Therefore, the successful phase-to-altitude conversion requires the accuracy of the orbital parameters and the basic requirements of the iterative path interferometry system. The requirements must be: first, stable atmospheric conditions and topographic backscattering, and second, the same InSAR geometrical characteristics of the two satellite orbits in the measurement of the same target point.

Phase to altitude conversion is a very important step in the DEM generation process. Therefore, the relationship between phase and altitude must be accurately calculated. Several simplified theoretical models based on InSAR geometric characteristics have been developed to establish the relationship between topographical elevation and InSAR parameters. These models provide a one-dimensional and somewhat accurate problem solution, but they do not provide accurate results because they are simplified by assuming the model itself. Indeed, in the conventional model, the main factor affecting the path difference is caused by the displacement of the direct distance from the radar to the target point rather than by the terrain. Accordingly, the present invention provides an accurate and general SAR interferometric approximation that extracts topographical elevations based on SAR geometric characteristics. In addition, the present invention is to provide a general solution that can obtain a precise path difference, that is, accurate topographical altitude from SAR characteristics by interferometry.

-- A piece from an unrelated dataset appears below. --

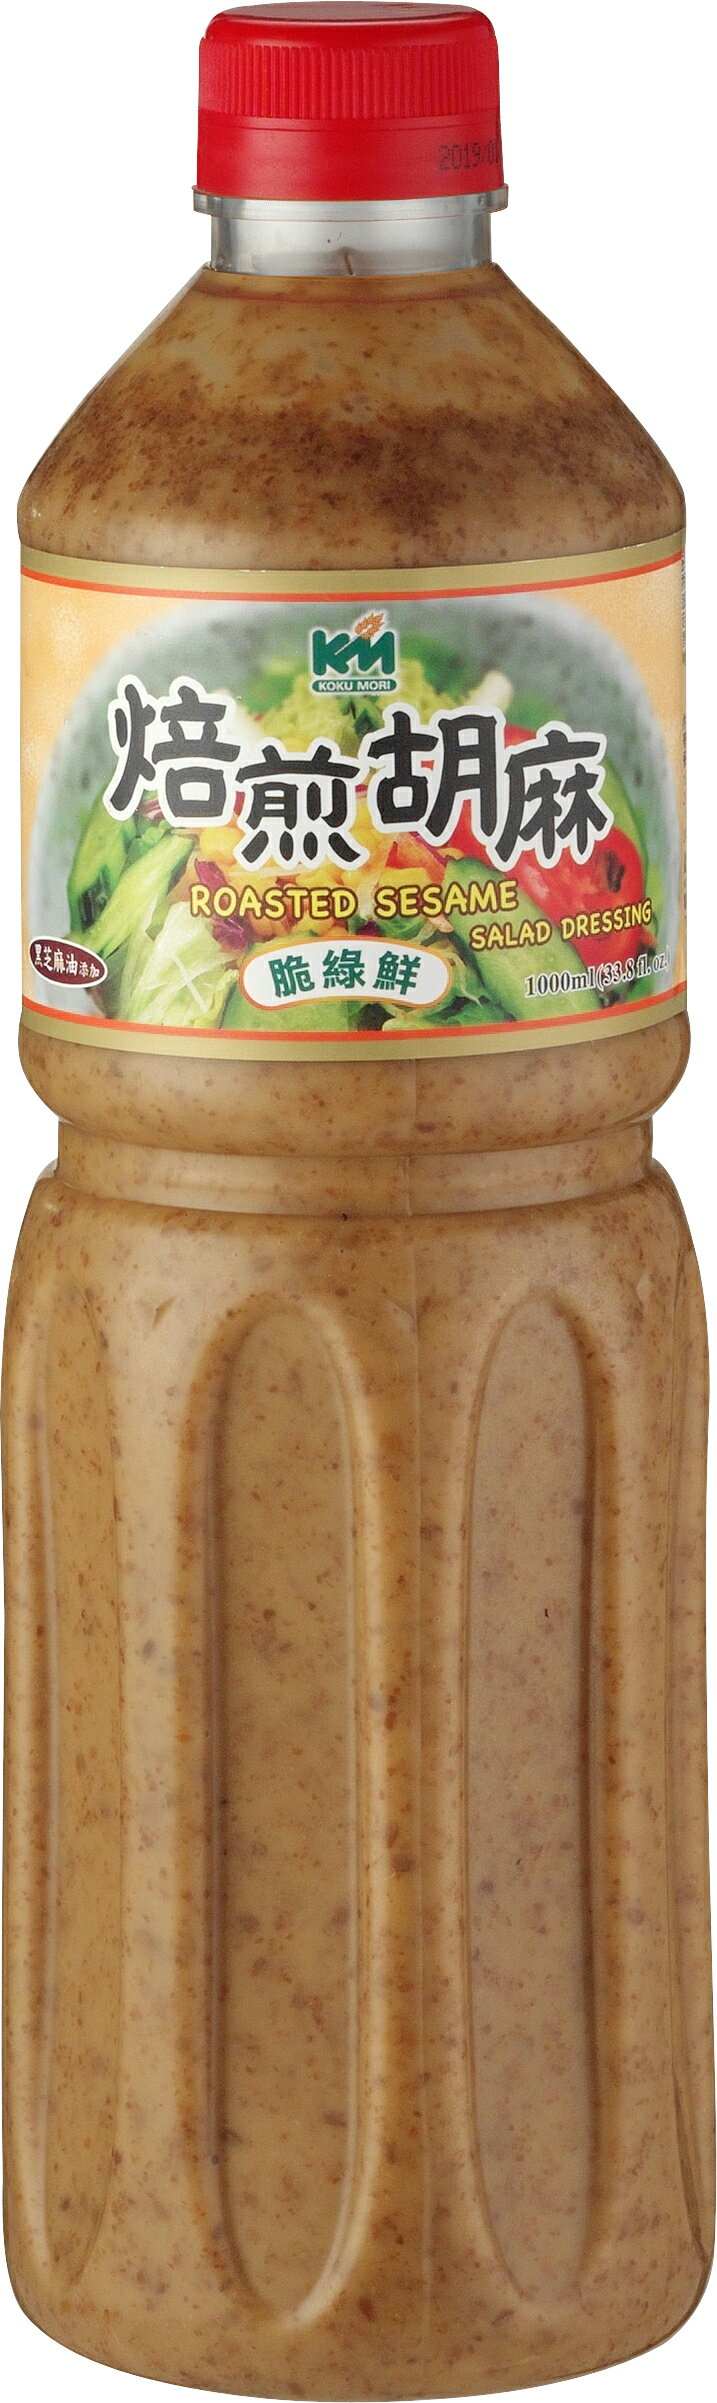 【穀盛】脆綠鮮 焙煎胡麻沙拉1000ml

Interferometry SAR technology combines two complex images to provide a complex interferogram and a coherence map using the SAR interference plot. Before generating the interference picture, two SAR images are coregistered with sub-pixel accuracy and resampled, and then the interference image is generated by multiplying the complex conjugate of the second image by the first image and generating a corresponding normalized image. The correlation gives the coherence image. The phase difference between the two images (modulo 2π) is measured from the interference plot to find the path difference δD which has a direct relationship.

(One)

Is the radar signal wavelength. The topographic altitude is obtained from the phase difference equation (1), which is influenced by orbital parameters, in particular by the interference baseline. The process of converting the phase difference to the surface altitude depends on the InSAR system.

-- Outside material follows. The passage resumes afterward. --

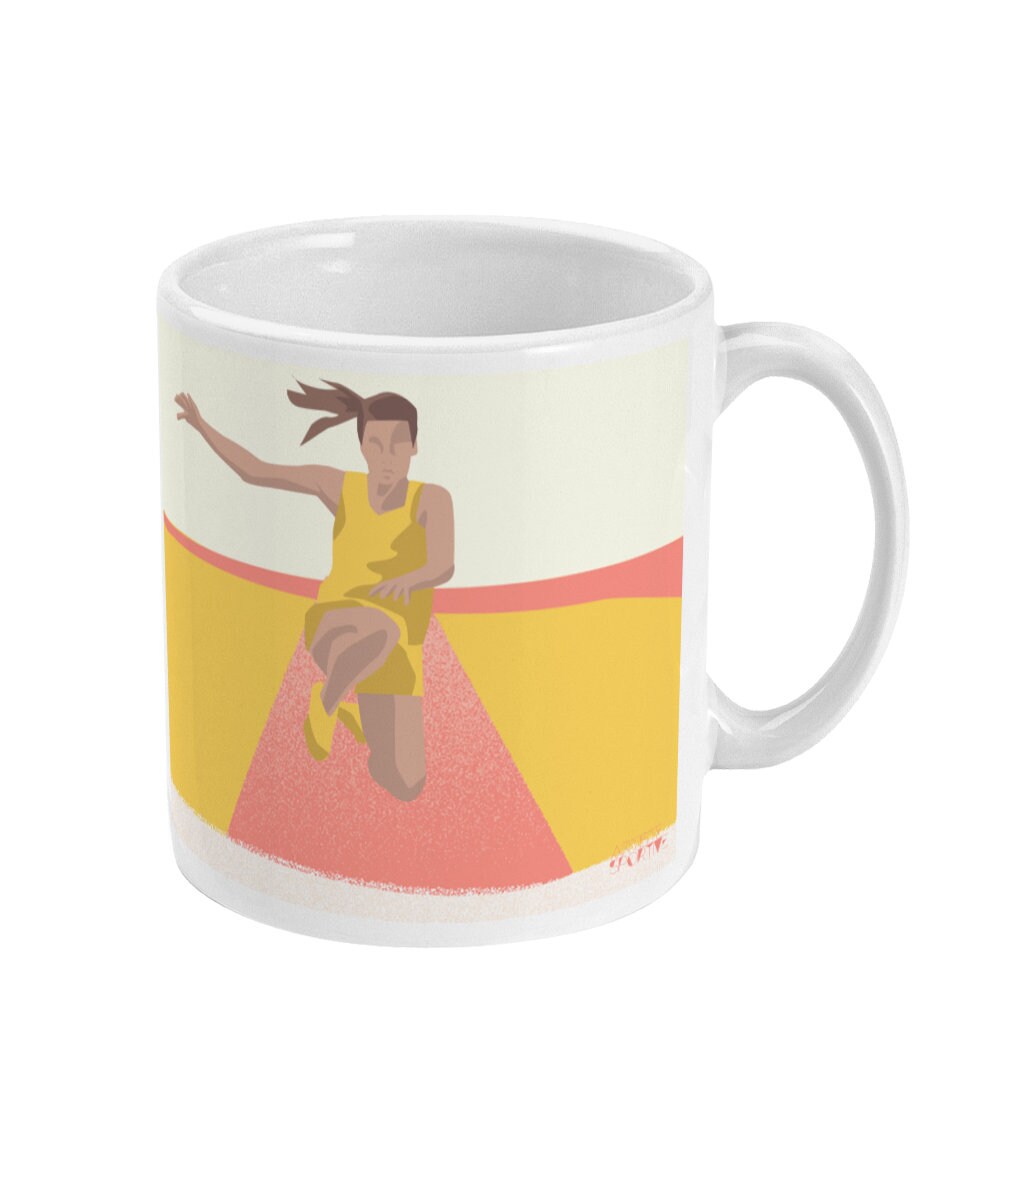 Leichtathletik-Tasse oder Tasse „Athletischer Sprung der Frauen“ – personalisierbar

1 is a schematic view of generation of a DEM using InSAR geometric characteristics by a single pass aircraft.

That is, it is equipped with two antennas, one of which is used as both a transmitter and a receiver, and the other is used as a bistatic receiver (a receiver in a radar system with a distance between transmitting and receiving). Pass) Schematic diagram of generating DEM using InSAR geometric characteristics by aircraft.

In the InSAR system by a single pass aircraft, when a radio wave is emitted to a point on the earth from a # 1 antenna for a transceiver, an echo signal is returned from a # 1 antenna and a # 2 antenna, respectively. The signal received from each antenna is received in units of pixels having a magnitude and a phase, and generates one two-dimensional image from each antenna. The two SAR images are arranged in a range / doppler region to detect an interferometric phase difference on a pixel-by-pixel basis. The detected interference phase difference is converted into a phase difference-terrain altitude to provide a terrain altitude in units of pixels. The accuracy of topographical elevation information is improved by performing multiple look processing on one pixel or spatial filtering by dividing an area into multiple pixels.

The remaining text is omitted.